After yesterday’s fun in the snow, today was always going to be a little slower. And in a triumph of wordplay, I decided to head off to the River Tawe to start using slow shutter speed techniques with my 10 stop ND filter on the waterfalls.

As if to confirm the slow nature of today, a selection of Sunday drivers littered the roads. It’s not just their inappropriate use of speed I dislike, it’s the generally poor standard of driving that comes with the Sunday driver; braking hard at the speed sign rather than slowing to meet it, failing to indicate and wandering all over the road to name three. All three of these were in evidence today.

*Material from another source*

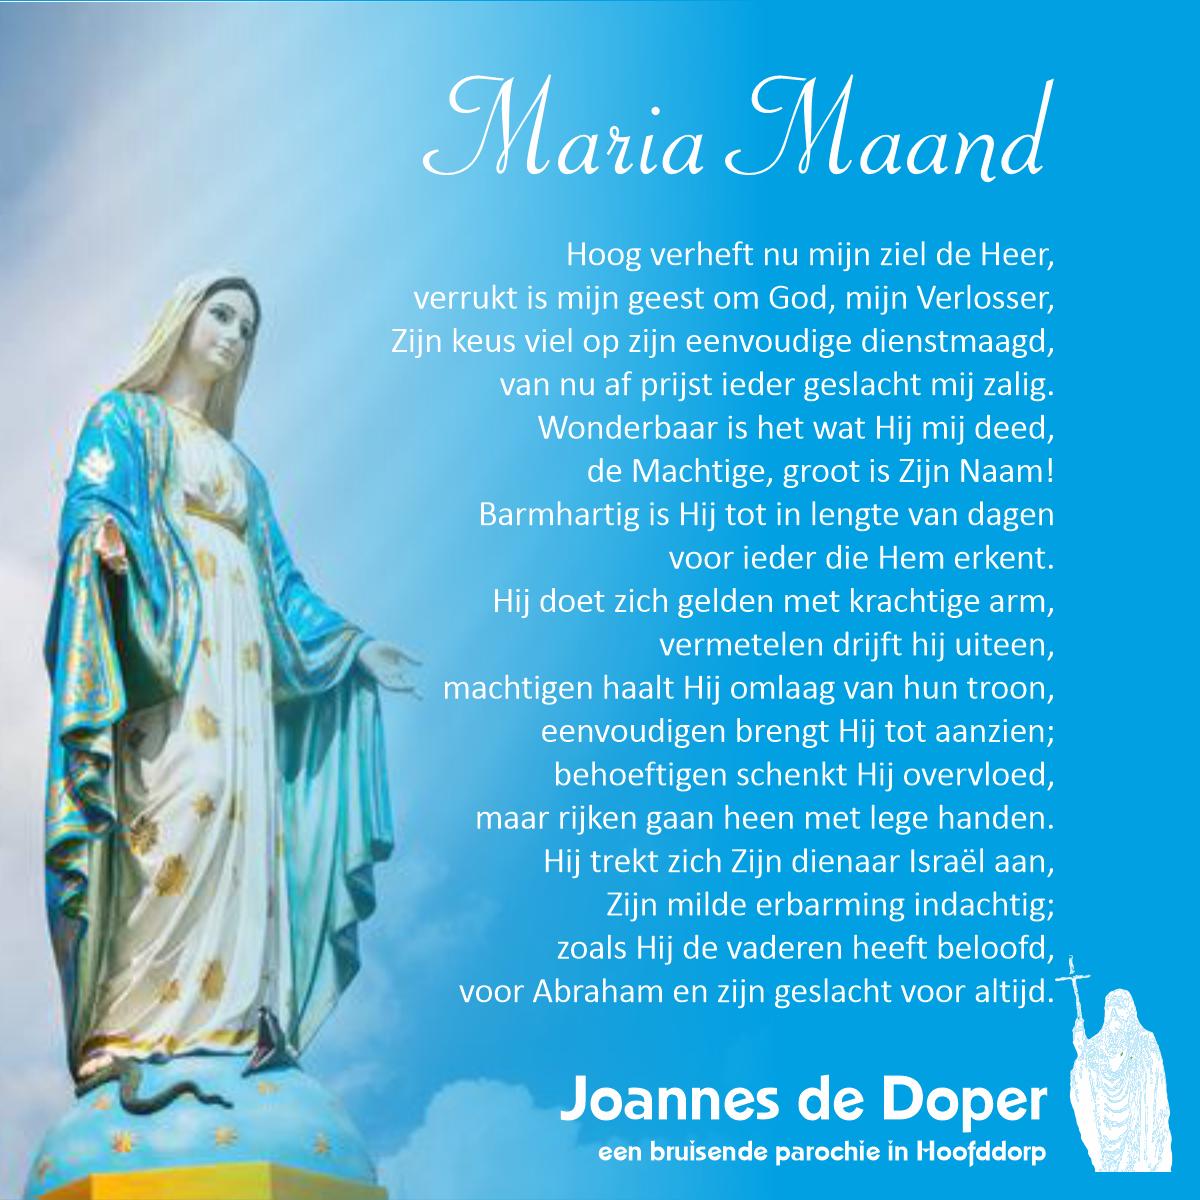 Gebed voor de Maria maand

At the river, we wandered and strolled, occasionally stopping for me to take long exposure photos. Slightly more occasionally, we stopped for Rufus to catch little stones, chase them into the water and for him to bark at me if I got anything wrong with either activity. Things that count as being wrong are:

  • Not throwing a stone
  • Throwing a stone in the wrong place
  • Taking too long between stone throwing
  • Taking too long to operate the camera
  • Not handing out enough treats

He’s a good teacher though, and is never slow to correct me if I make mistakes.

Before we knew it, we’d been out for over an hour. The clouds were beginning to peep over the hills and the temperature was starting to drop again as the sun became obscured by the first signs of the approaching rains. So we set off back to the car. I was surprised at how far we’d come along the river, which is well below the level of the road, and it took a little longer to reach the car than I had expected.

Our journey back included encounters with a driver who seemed to indicate at every roundabout junction, but never acted on the indication. I actually got quite good at anticipating where he was going by the position of the car on the road. Despite his attempts to run me off the road, we arrived home and settled down to a day of slow.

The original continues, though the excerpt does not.